「良いデザインの家」とは、見た目も間取りも、省エネ・省コストにつながる住宅性能も、トータルに考えデザインされた家。Replanでは「美しく暮らす 東北のデザイン住宅2022」の発刊に合わせて、そんな家づくりに取り組む東北の住まいのつくり手の声をお届けしています。今回は、青森県を拠点に注文住宅を手がけるホリウチ アーキテクツの堀内 将人さんです。


施主の化身として思考する

施主との打ち合わせは雑談から始まります。趣味の話や好きな音楽の話など、いろいろな会話を思いつくまま断片的に話し込みます。ペットのこと、家族のこと、料理のこと、車のこと、仕事のこと、予算のこと、幼少期の思い出までも。

施主の内面を深く理解してから設計を始める、言い替えれば「施主の化身である私が建築を思考すること」が住宅のデザインであると考えています。
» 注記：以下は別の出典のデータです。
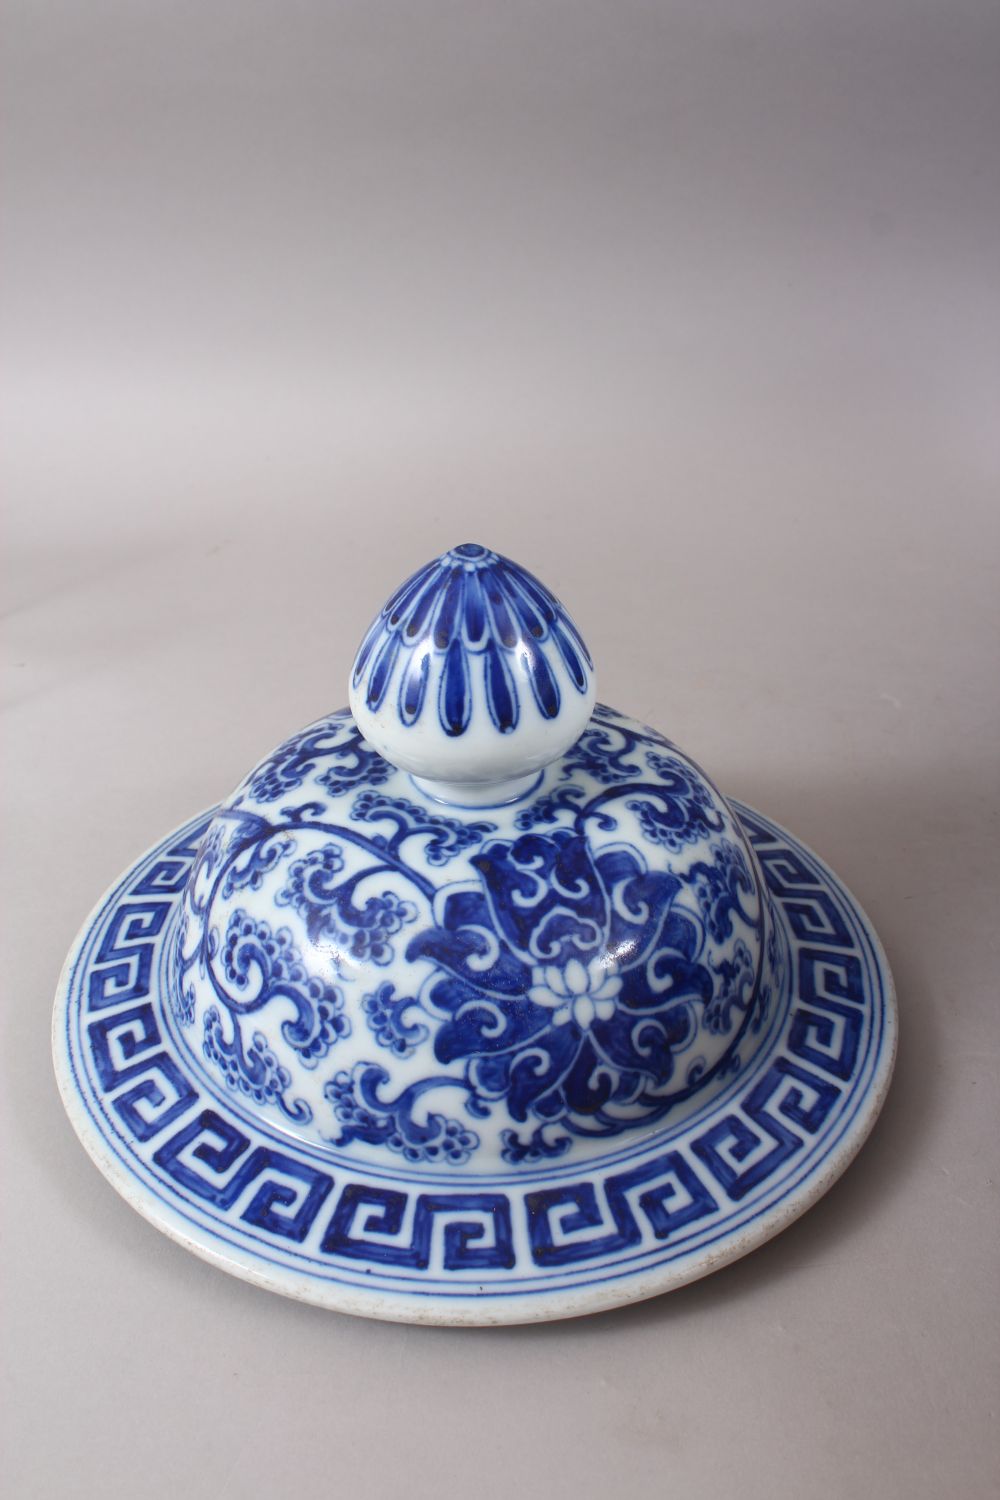 A LARGE CHINESE BLUE & WHITE PORCELAIN LIDDED JAR, the body decorated with scenes of formal - Image 5 of 8

もし、施主本人が建築家なら、自身で自邸を設計しているはず。

住宅デザインは「いかに施主になりえるか」です。

植栽を施したエントランスの夕景。ここにも車1台分の駐車スペースを確保
植栽を施したエントランスの夕景。ここにも車1台分の駐車スペースを確保

市街地でペットと豊かに住まう

「こんにちはー」。設計打ち合わせで施主の旧宅へうかがうと、ゴールデンレトリバー3匹の激しい歓迎が待っています。手狭なリビングで走り喜ぶペットの姿を見るや、なるほど新たな住まいはペットとの豊かな空間をつくるのが使命なのだと早々に理解しました。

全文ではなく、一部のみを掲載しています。